Peggy Noonan Stalls on “New Start” Print
By Timothy H. Lee
Thursday, December 09 2010
Reagan steadfastly rejected Soviet offers to eliminate nuclear arsenals if we renounced missile defense. Until such provisions are eliminated from 'New Start,' so should we.

What to make of Peggy Noonan's recent intellectual fender-bender in The Wall Street Journal

Ironically entitled “A New Start in Washington,” her piece reverts to the same calcified strategic orthodoxy that her former boss Ronald Reagan so brilliantly challenged.  Noonan’s commentaries often provide an eloquent weekly blueblood barometer.  The natural byproduct of her perspective, however, is that she often confuses sclerotic elitism for – in her own word this week – “grace.”  

In her column, Noonan offers a bizarre defense of the "New Start" treaty that the Obama Administration so desperately wants ratified (as if that fact alone isn’t conclusive evidence ratification is a bad idea).  Namely, Noonan declares that it would somehow make Barack Obama look "grown-up": 

“The primary reason Start should be ratified is that we are at a point where we have to show the world that we are a grown-up, capable, functioning republic that can negotiate, agree to and ratify a major treaty with a world power. This president has to appear to be capable of it.”

In other words, ratify “New Start” to demonstrate that Obama can get something ratified?  Noonan ultimately betrays another motive, however, when she descends into a curious fit of nostalgia: 

“There is much at this point to be gained by a re-emergence of the old bipartisan foreign-policy establishment to the extent it existed, and to an extent it actually did.  We saw this with the statements of James Schlesinger, George Shultz, James Baker, Lawrence Eagleburger, Brent Scowcroft, Warren Christopher, Madeleine Albright and Colin Powell in support of the treaty.  It looked like the grown-ups were back.  In the age of WikiLeaks, and of a severe and structural recession that has undercut America's position and its perceived standing in the world, this kind of unified stand can only help.  It would be good if the White House is trying to get those old pros, including George H.W. Bush, literally to stand with the president as he makes a final, formal, unemotional, coolly strategic case for the treaty.  He should in fact have them in regularly, as a real and functioning kitchen cabinet.  He always seems alone out there, the neighborhood pickup basketball guy playing his own game.  The Senate should pass the treaty with grace and stand with the president.
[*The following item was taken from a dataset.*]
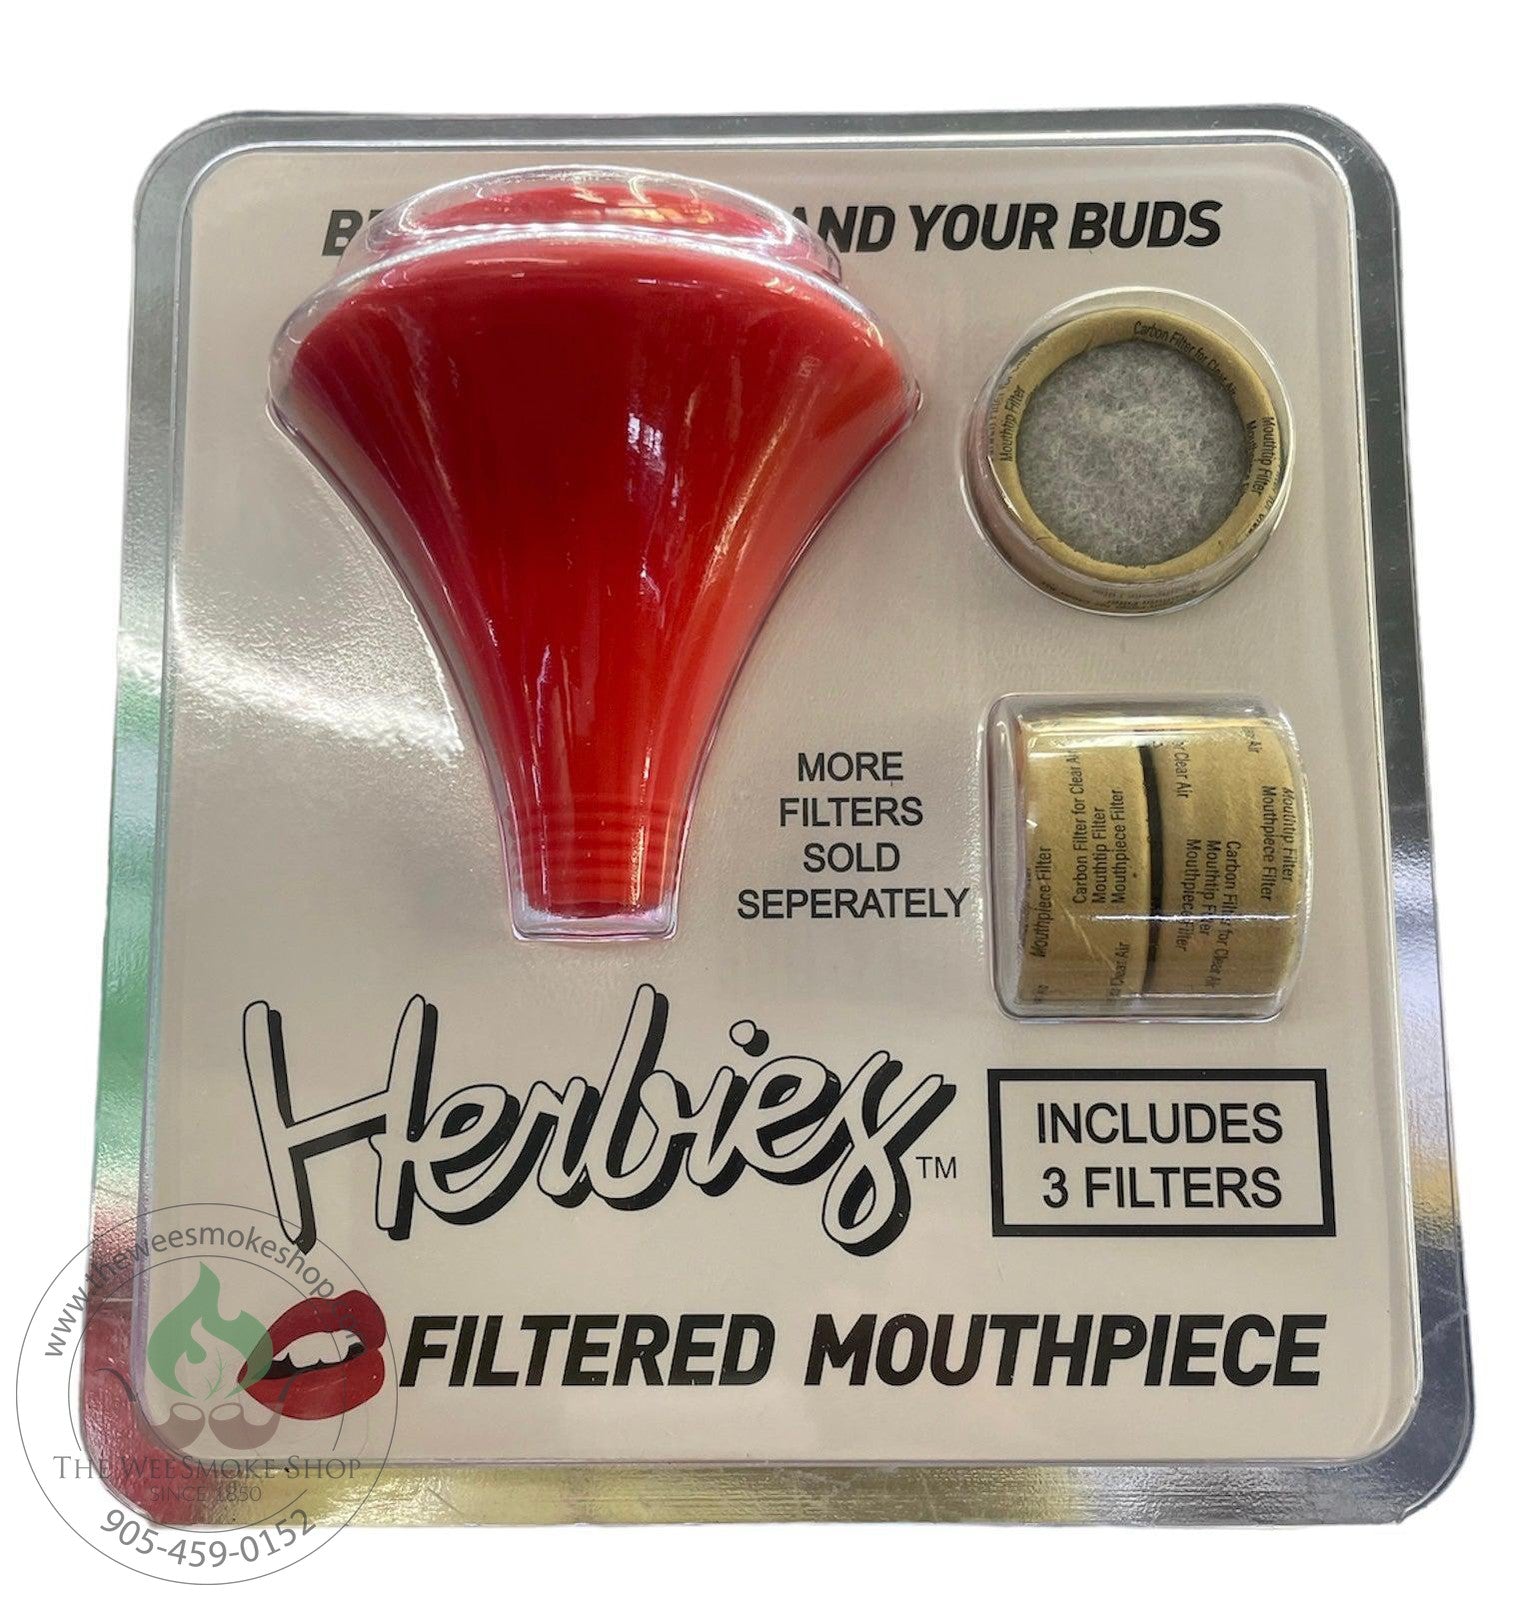 Herbies Filtered Mouthpiece - Red - The Wee Smoke Shop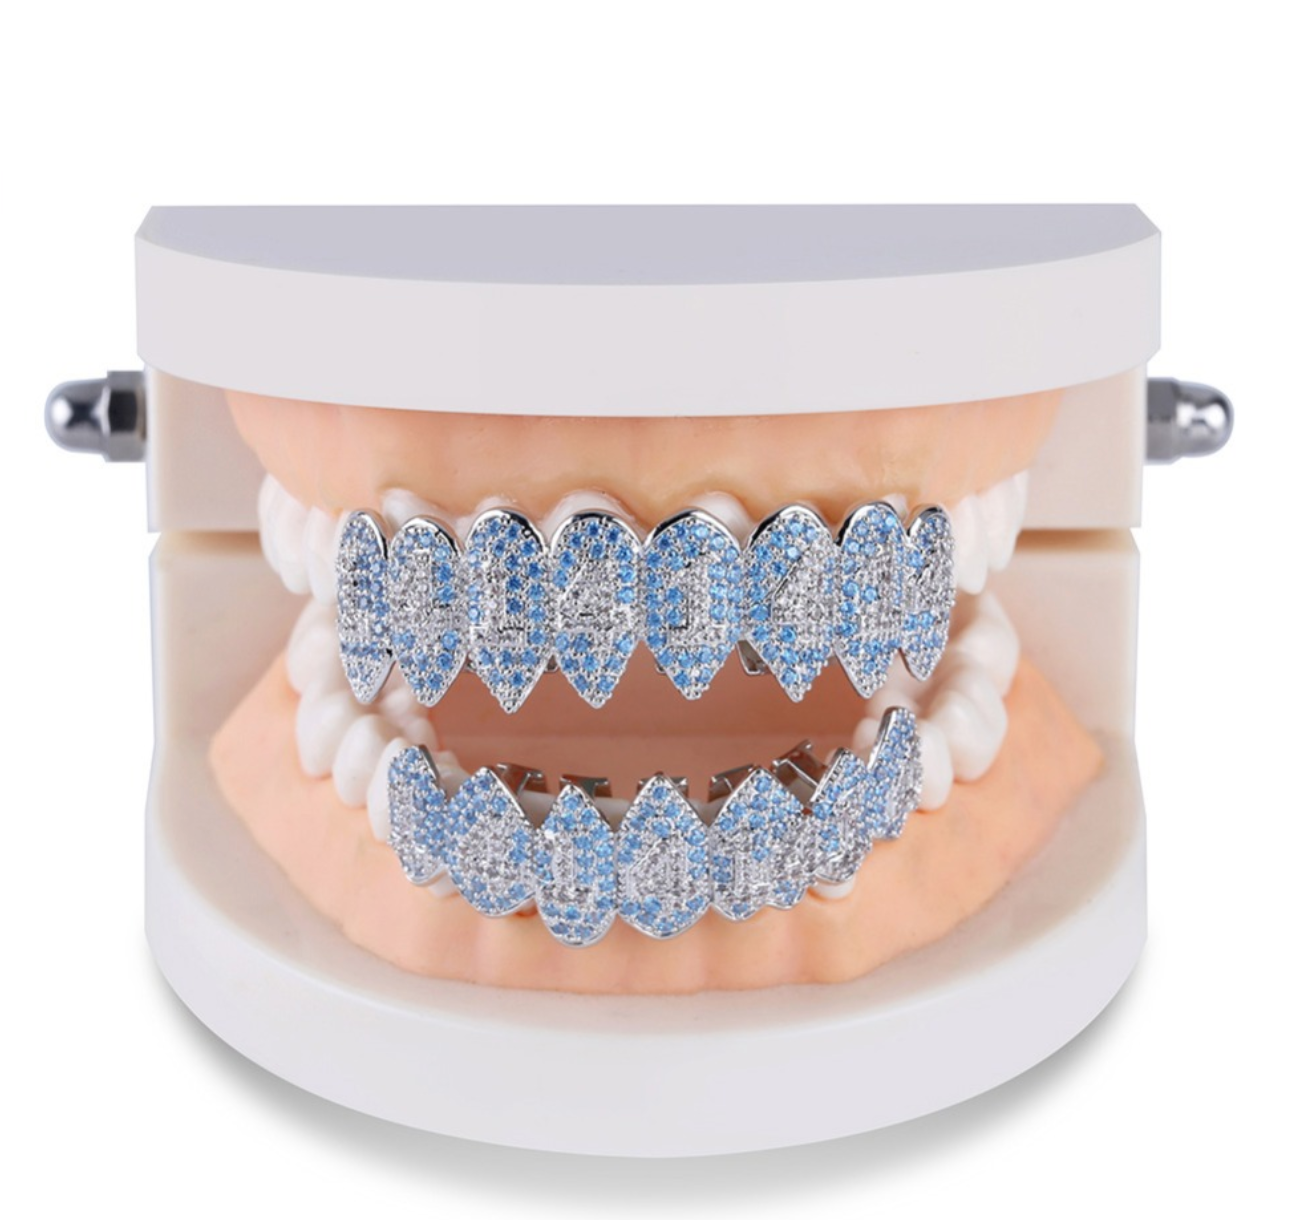 Blue Grillz Diamond Grillz Iced Out Vampire Fangs Grillz Hip Hop Rapper Jewelry Grills

It will be good to show the world: America can still do this." 

Of course, that same “bipartisan foreign policy establishment” snickered when Reagan announced his strategic defense initiative (SDI).  Not to mention the way most of them derided his bold strategy toward the Soviet Union that quickly won the Cold War. 

Unfortunately for Noonan, her entire argument rests on a grossly erroneous premise – that the proposed accord creates no potential harm: 

“Treaties must be judged on their merits, and the essential merit in this case is obvious.  In requiring the U.S. and Russia to reduce the number of deployable nuclear weapons in a way that allows for verification, it would do nothing to make an insecure and unstable world less secure and stable, and could arguably make it more stable.” 

That is an astonishingly sloppy assertion from someone of Noonan’s pedigree. 

The proposed treaty’s explicit terms jeopardize American missile defenses by asserting “the interrelationship between strategic offensive arms and strategic defensive arms, that this interrelationship will become more important as strategic nuclear arms are reduced, and that current strategic defense arms do not undermine the viability and effectiveness of the strategic arms of the parties.” 

Note the critical and limiting use of the term “current.” 

But that’s not all.  The proposed accord also commands that, “Each party shall not convert and shall not use ICBM launchers and SLBM launchers for placement of missile defense interceptors therein.” 

The Russians assert that these provisions are “legally binding,” and “clearly spelled out in the treaty.”  The Obama Administration, however, assures us that they’re meaningless.  Keep in mind that the Obama Administration also assured us that “if you like your health insurance, you can keep your health insurance.”  So consider the reliability of the source, and also recall that Obama explicitly campaigned on a promise to curtail missile defense innovation. 

Regardless, if those missile defense limitations are meaningless, then why include them in the treaty at all?  If, as the treaty’s defenders assert, “this treaty is about offensive strategic weapons,” then why meaninglessly assert their “interrelationship” with missile defense in its provisions?  And why does the notoriously duplicitous and ruthless Vladimir Putin insist on its ratification? 

Perhaps Obama’s assurances are enough to secure Noonan’s support.  The Senate and American public, however, should instead ask themselves that standard question:  What would Reagan do? 

The answer is obvious.  Reagan steadfastly rejected Soviet offers to eliminate nuclear arsenals if we renounced missile defense.  Until such provisions are eliminated from “New Start,” so should we.